Grand Lake Area -- The "Wetter Better Side"???

Coming down Trail Ridge Road from the Continental Divide, we get excellent views, but the best view of all is the one shown above looking north across Harbison Meadows to the Never Summer Range, dominated by Mt. Baker on the left. If you look closely, you will see a horizontal line running around the Never Summers. This is the Grand Ditch which, acting like an eavestrough, catches water which would otherwise flow into the Colorado and diverts it over LaPoudre Pass into east-flowing streams. Construction of the Ditch was begun in the 1890s by companies organized to divert west-flowing water to the eastern slope for irrigation.

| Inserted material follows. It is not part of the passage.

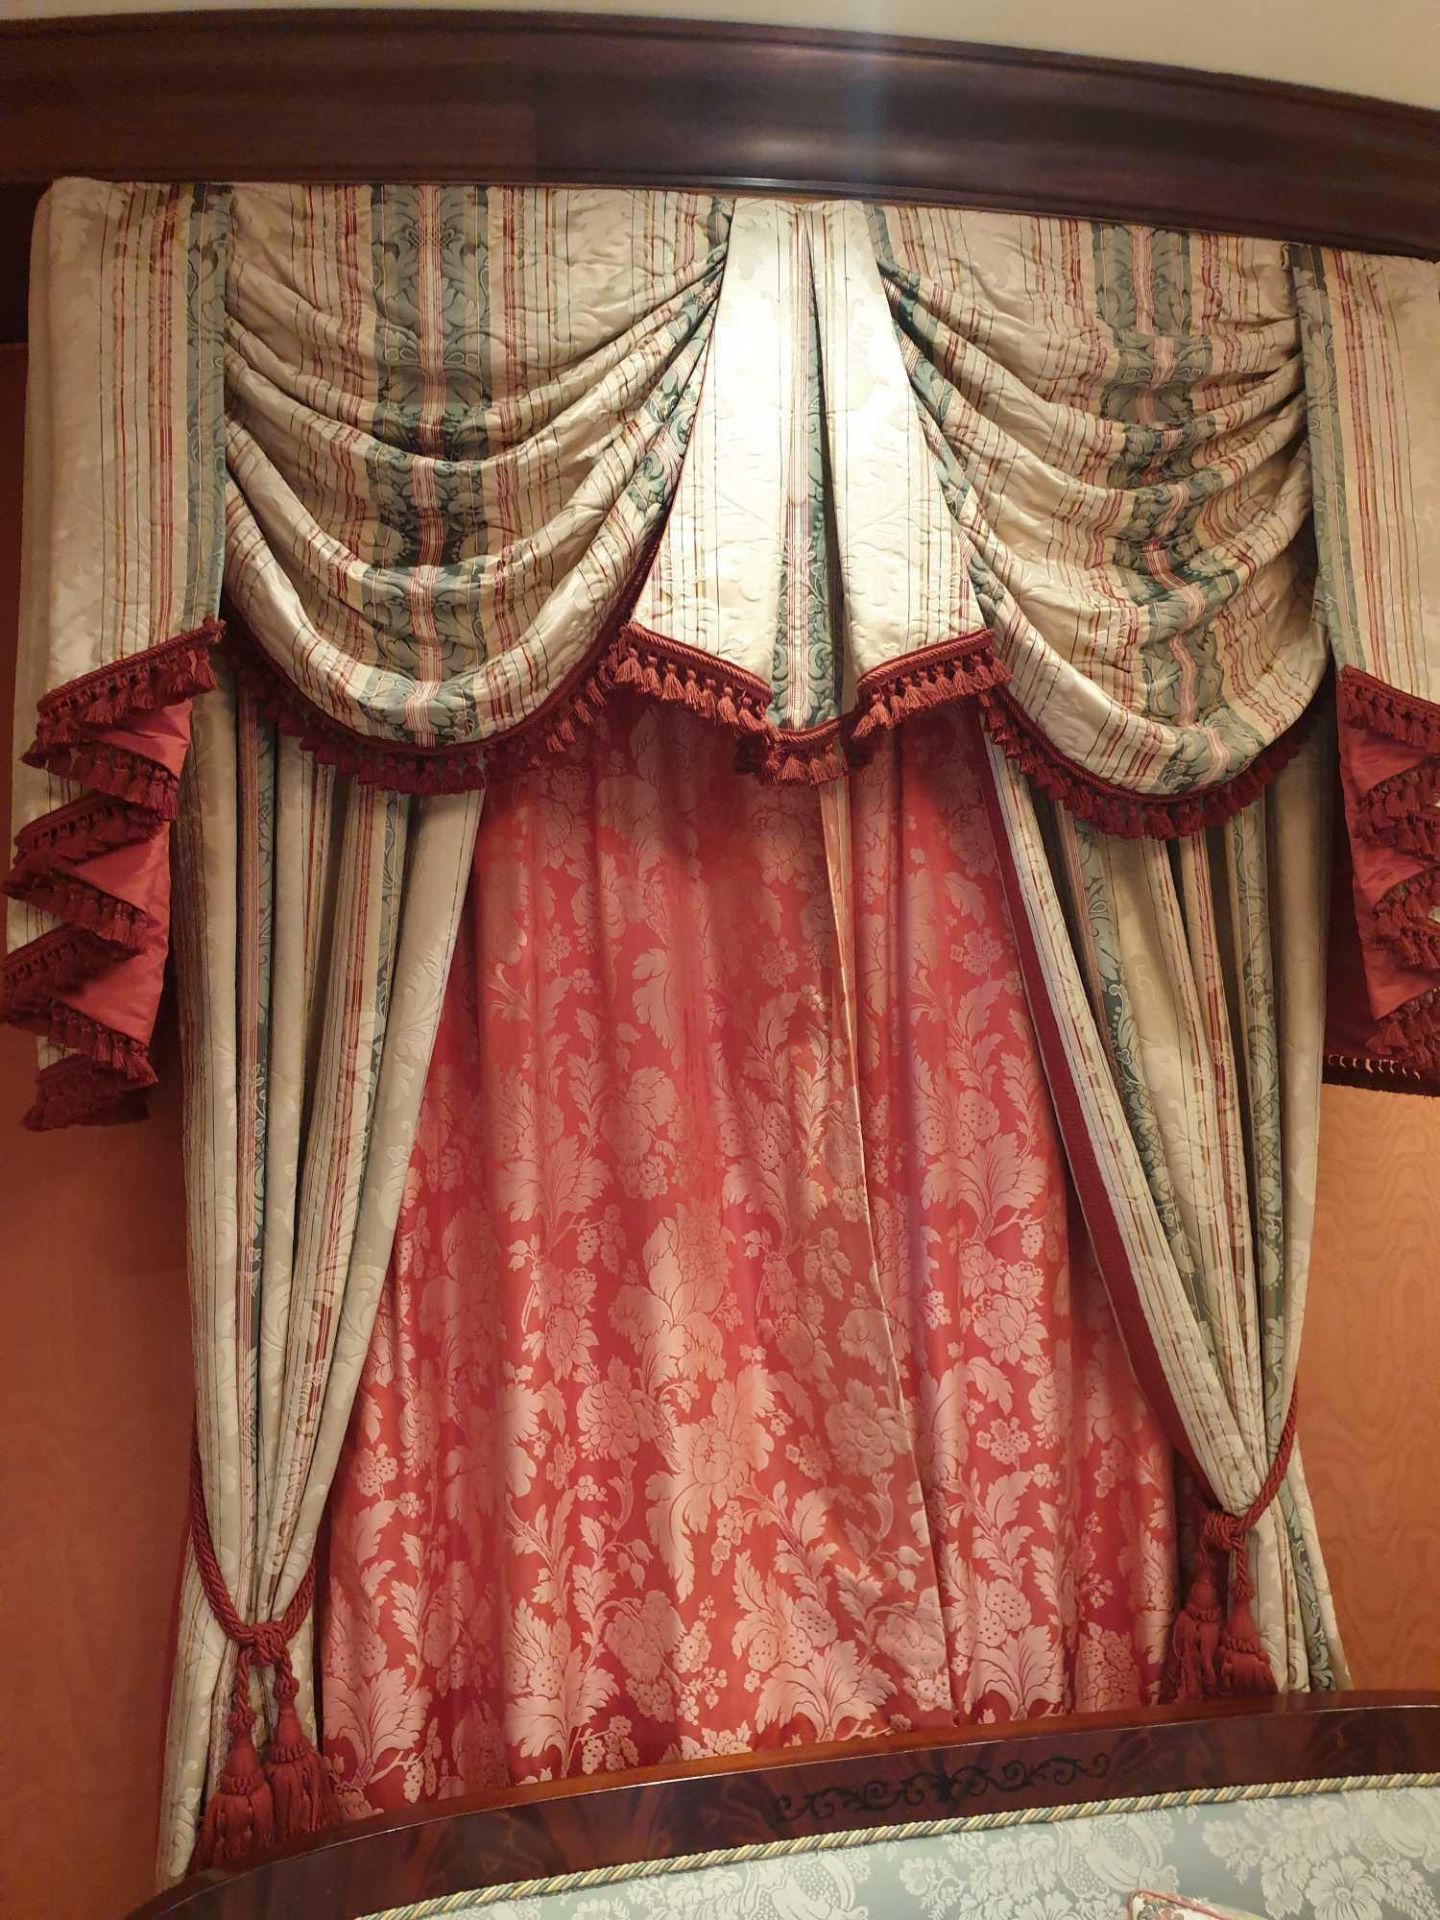 A Pair Of Cream Silk Drapes With Swags And Jabots In Gold Green And Pink Detail With Tassels And

There is a road parallel to the Ditch, on which vehicles are permitted only for workers maintaining the Ditch and rangers on official business. Because of my work on the history of the Park and mining cabins in the Never Summers which often require my investigation, I arrange to drive the Ditch Road rather often. The Ditch Road is not for the faint-hearted (no, there are no guardrails, and it's 1100' mostly straight down from the edge), as you see in the accompanying photograph ....

... but it does open some exceptional views of the Colorado Valley. In the 1950s I was occasionally asked to escort a National Geographic photographer about the Park, and she was very excited when I showed her this view. As a result, if you happen to have the first edition of National Geographic's "America's Wonderlands: Our National Parks", in a full-page photograph you will see me perched on the summit of the spire on the right.

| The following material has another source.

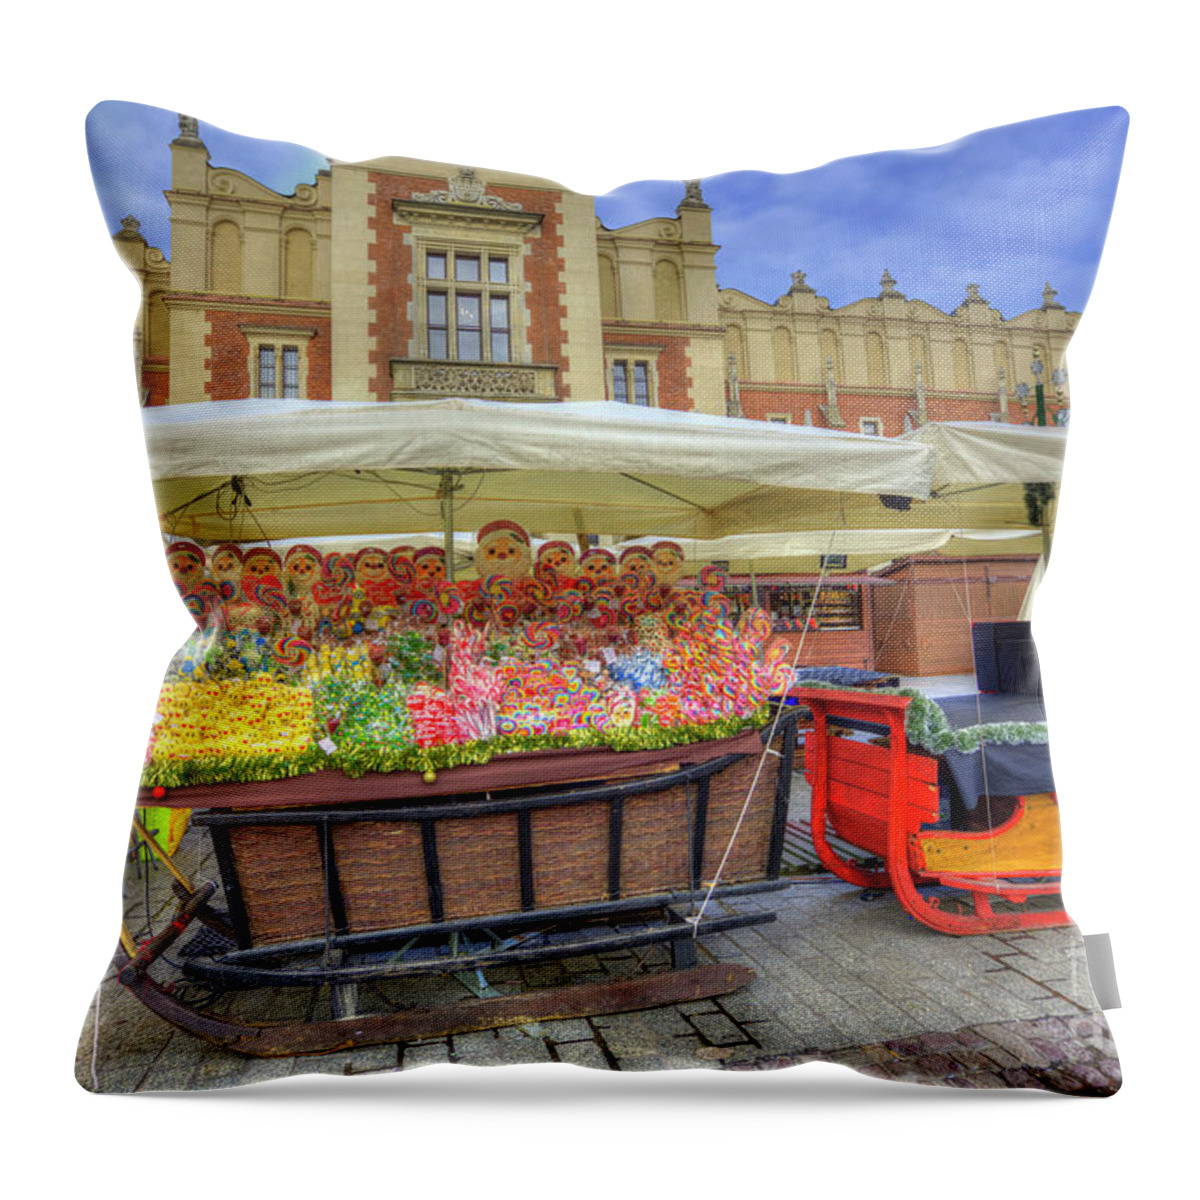 Advent Throw Pillow featuring the photograph Krakow Christmas Market 2017 by Juli Scalzi

The Ditch also provides easy access to some hiking where one does not see many people but can see the ruins of the dreams of prospectors of the 1880s. One of my favorite trips is up Hitchings Gulch past Mr. Hitchings' delapidated cabins, on past Dutchtown (a small gold mining village of the 1880s) to Lake of the Clouds, with Lead Mt. in the background.



At the north end of the Ditch, one can spend the night at the Lapoudre Pass Ranger Cabin and -- after chopping some firewood for kindling for breakfast -- can drive a rudimentary road beyond the Park boundary to the end of Long Draw Reservoir to look back into the Park to a truly spectacular view of the north end of the Never Summers.


Two spectacular lakes in the southwest part of the Park are Nokoni (L) and Nanita (R). One reaches them by taking a side trail while hiking over the Continental Divide from Bear Lake to Grand Lake or by simply hiking up the North Inlet trail from Grand Lake.




One of my favorite places on the west side is East Inlet Meadows, only a mile up the East Inlet Trail. This view is particularly nice in the fall when the aspen on the hillside have turned.


But if one continues up the East Inlet Trail and turns right up Paradise Creek, one comes -- after many long and difficult cross-country miles -- to Paradise Park, the creme de la creme of Rocky Mountain National Park. To preserve its pristine character, camping is not permitted in the valley so perhaps no more than 50 people a year see these views of the unspoiled meadows of Upper Paradise. It is so isolated that the first time I was there we recognized Isolation Peak (shown in the picture at right) but had to consult the topo maps to find the names of Watanga and Hiamovi, shown in the small pictre taken at dawn and and also in the bottom view. What a truly magnificent, isolated spot.